Sweet and spicy flavours together in a quick and easy one-dish meal.
|1||(360 g) Package firm tofu, patted dry and cut into ½” (1 cm) cubes|
|1 tbsp||Chinese five spice|
|Salt and pepper|
|3 tbsp||Vegetable oil, divided|
|1 lb||(454 g) Maple Leaf Prime Naturally® Extra Lean Minced Chicken|
|3||Cloves garlic, minced|
|2 tsp||(10 mL) Freshly grated ginger (or 1 tsp (5 mL) dried)|
|1||Onion, thinly sliced|
|1||(4 oz/114 g) Package shitake mushrooms, stems removed and thinly sliced|
|1/2 lb||(225 g) Asparagus, trimmed and cut into 1” (2.5 cm) pieces|
|3 tbsp||Soy sauce|
TOSS tofu together with Chinese five spice, salt, pepper and cornstarch in a small bowl.
HEAT 1 tbsp (15 mL) oil in a large skillet or wok over high heat.
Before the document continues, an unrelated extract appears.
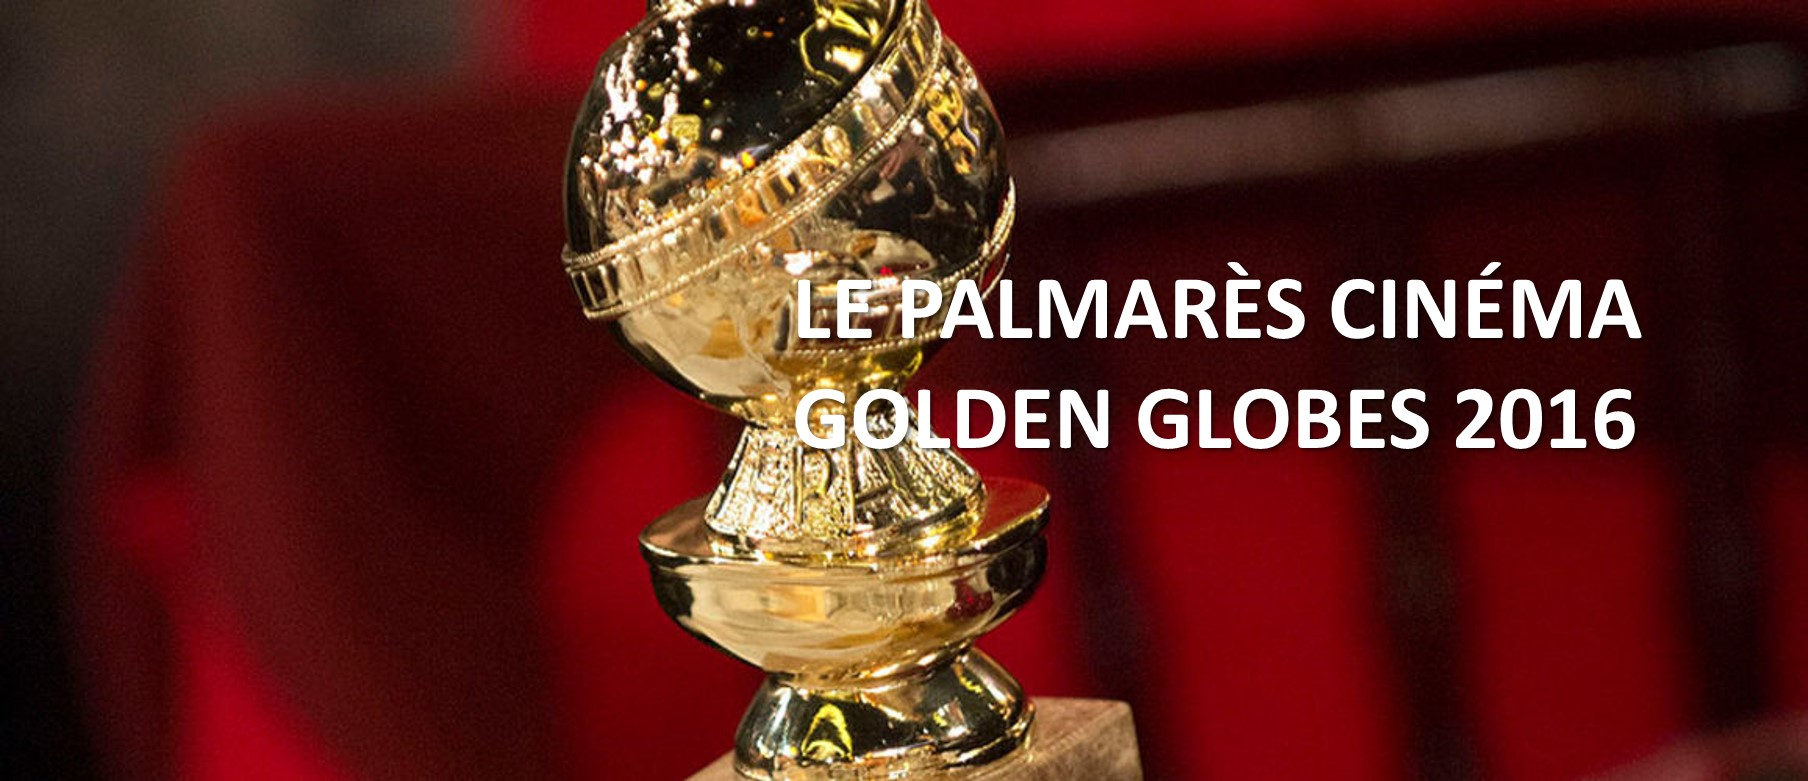 GOLDEN GLOBES 2016 - Trophées avec titre 3
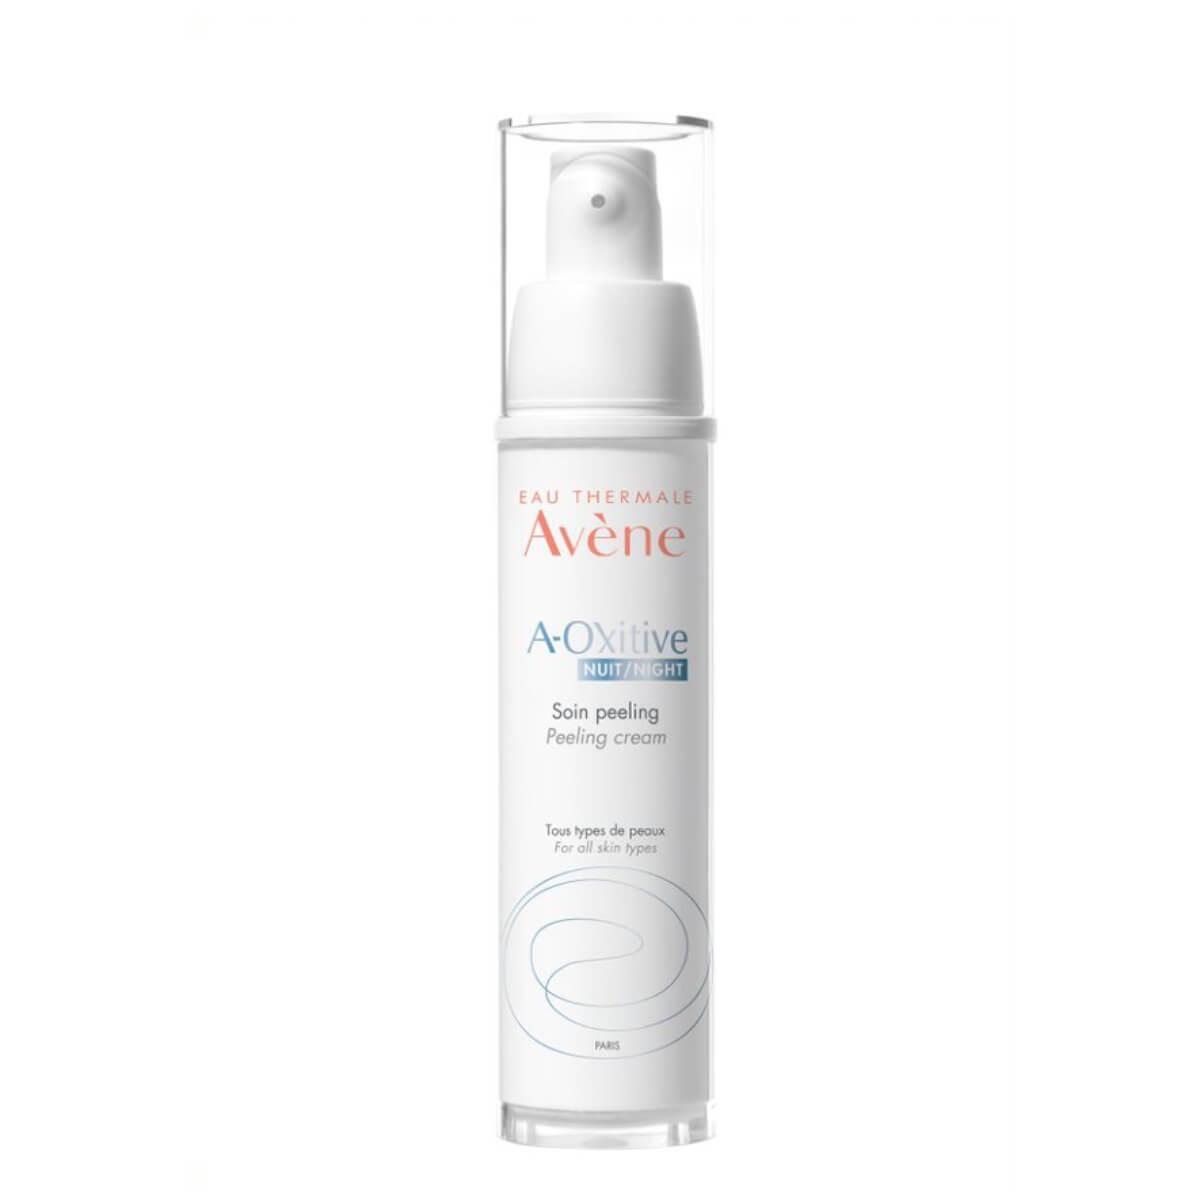 Creme Corretor Facial Avène A-Oxitive Noite com 30ml 30ml

Add tofu and stir-fry for 3-4 minutes or until crisp. Remove from the pan and set aside.
ADD 1 tbsp (15 mL) oil to the same pan. Reduce heat to medium-high. Add chicken, season with salt and pepper and cook, breaking apart with a wooden spoon for 6-8 minutes. Add garlic and ginger and continue to cook for another 2-4 minutes or until chicken is golden brown and cooked through. Remove from the pan and set aside. Heat remaining oil in the same pan. Add onions, mushrooms and asparagus. Stir-fry for 6-7 minutes or until the asparagus is tender crisp.
ADD tofu and chicken back to the pan. Whisk the remaining ingredients together and drizzle over the stir-fry. Toss well to coat.
SERVE hot over rice or noodles.
Substitute Maple Leaf Prime Naturally® Extra Lean Minced Turkey for chicken.